== Segment start ==
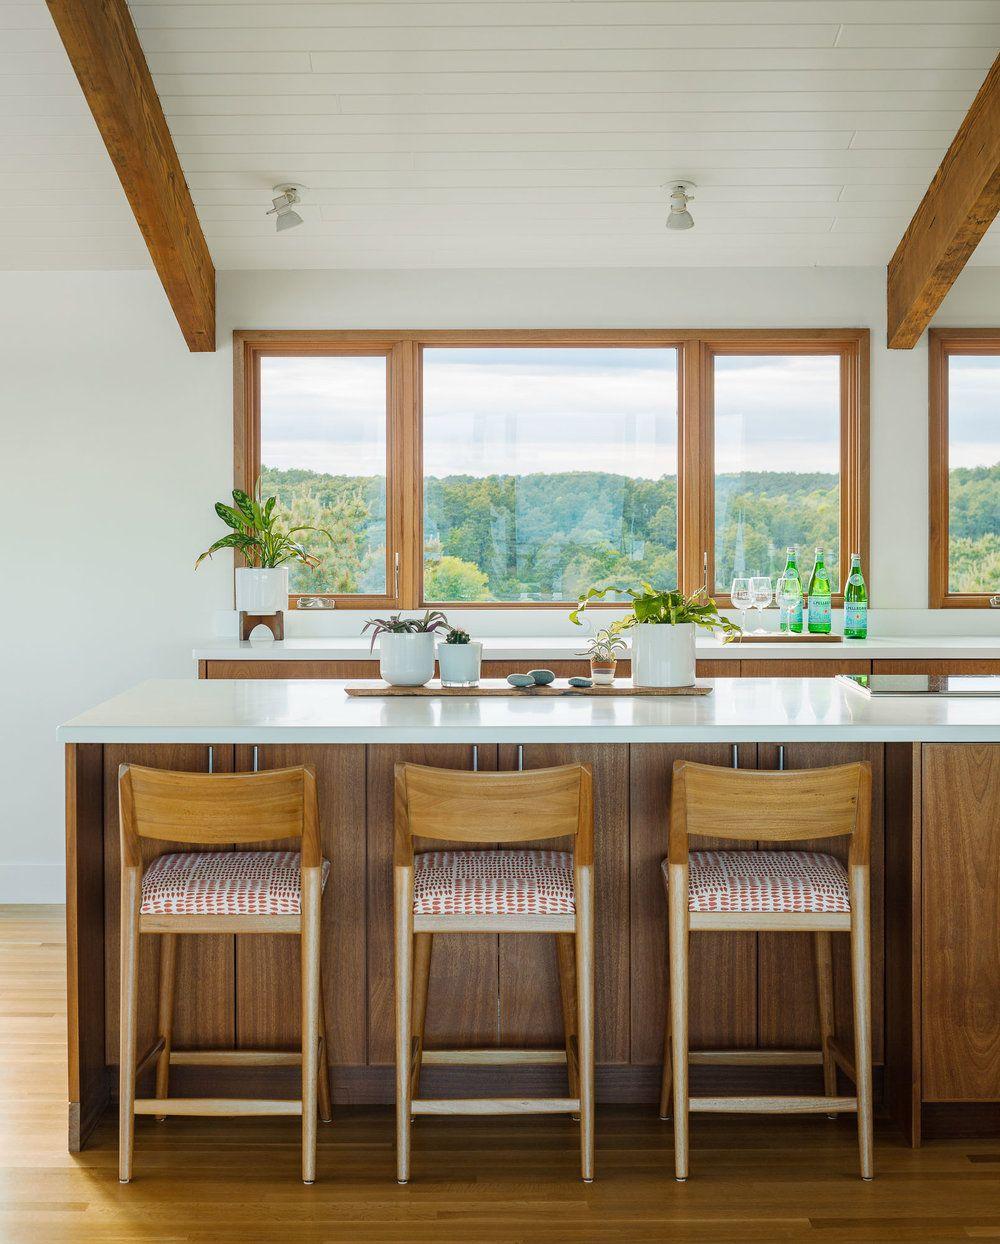 Ferestrele sunt lăsate libere, fără perdele sau draperii, astfel peisajul colorează și ambianța interioară. Arhitectura casei este însă gândită astfel încât orientarea în raport cu punctele cardinale și cu peisajul spre mare să nu afecteze confortul termic de la interior. Umbra necesară la interior este asigurată de la exterior, de aceea nu mai este nevoie de umbrire la nivelul ferestrelor. De asemenea, chiar dacă mobila este cu textură din lemn, blatul este alb, la fel ca și zugrăveala pereților.
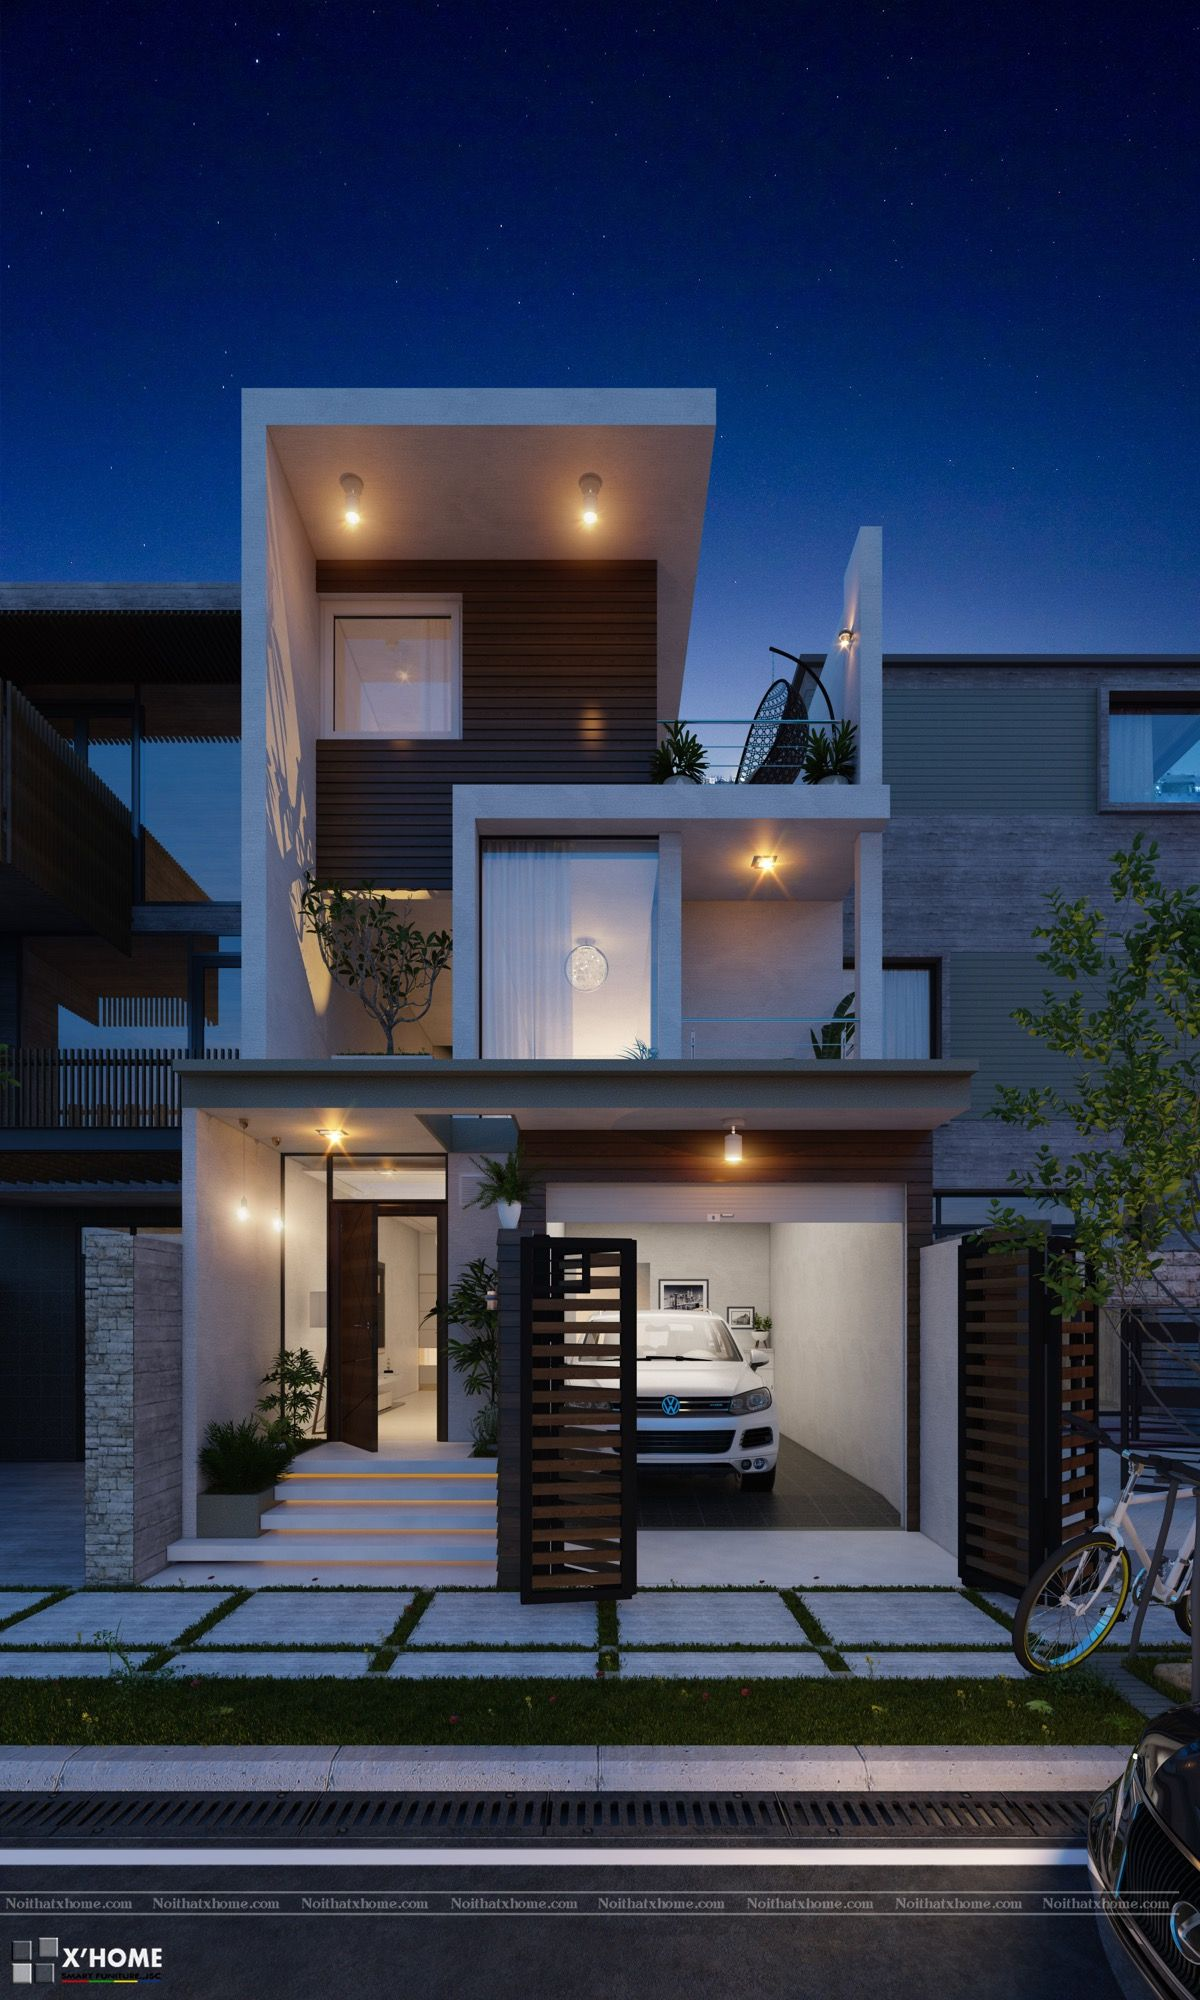 Pin Oleh Nguyen Tuyen Di Home Design Rumah Minimalis Desain Rumah Rumah
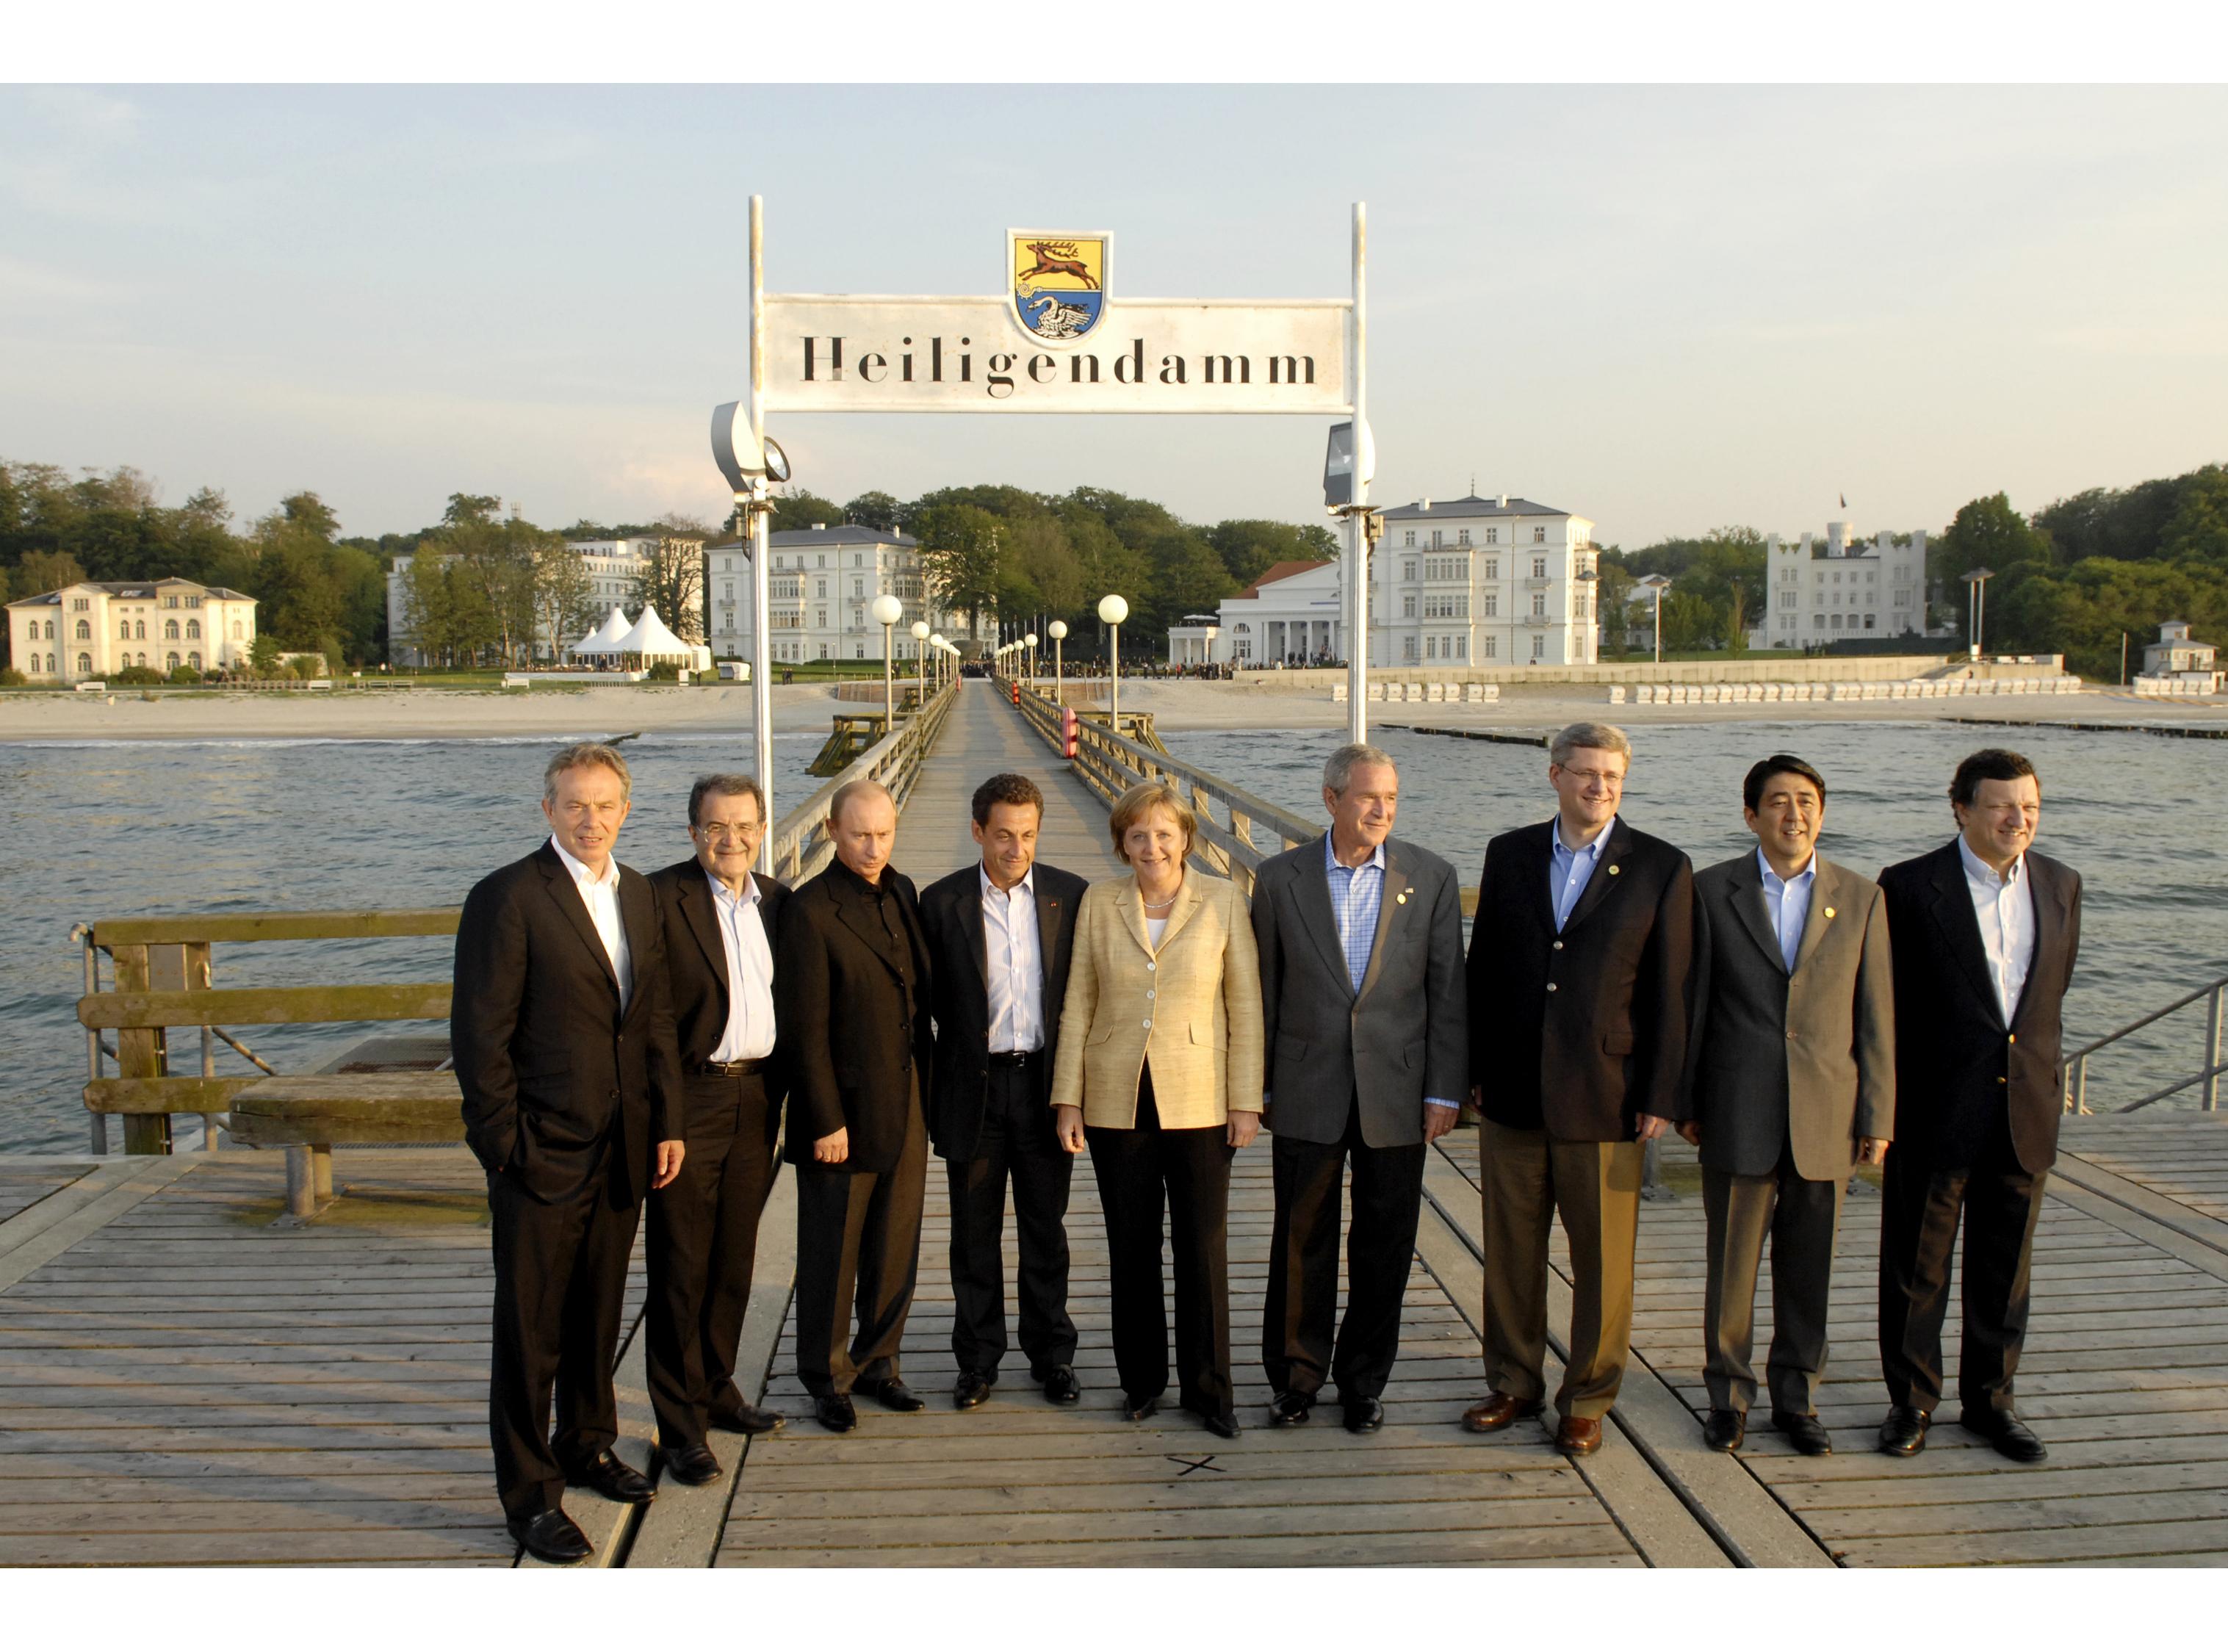 G7 Heiligendamm
== Segment end ==
Word for word, retype the lines from the one with "Pin Oleh Nguyen" through the final line of the data, both included. No pictures belong in the copy.

 Pin Oleh Nguyen Tuyen Di Home Design Rumah Minimalis Desain Rumah Rumah
 G7 Heiligendamm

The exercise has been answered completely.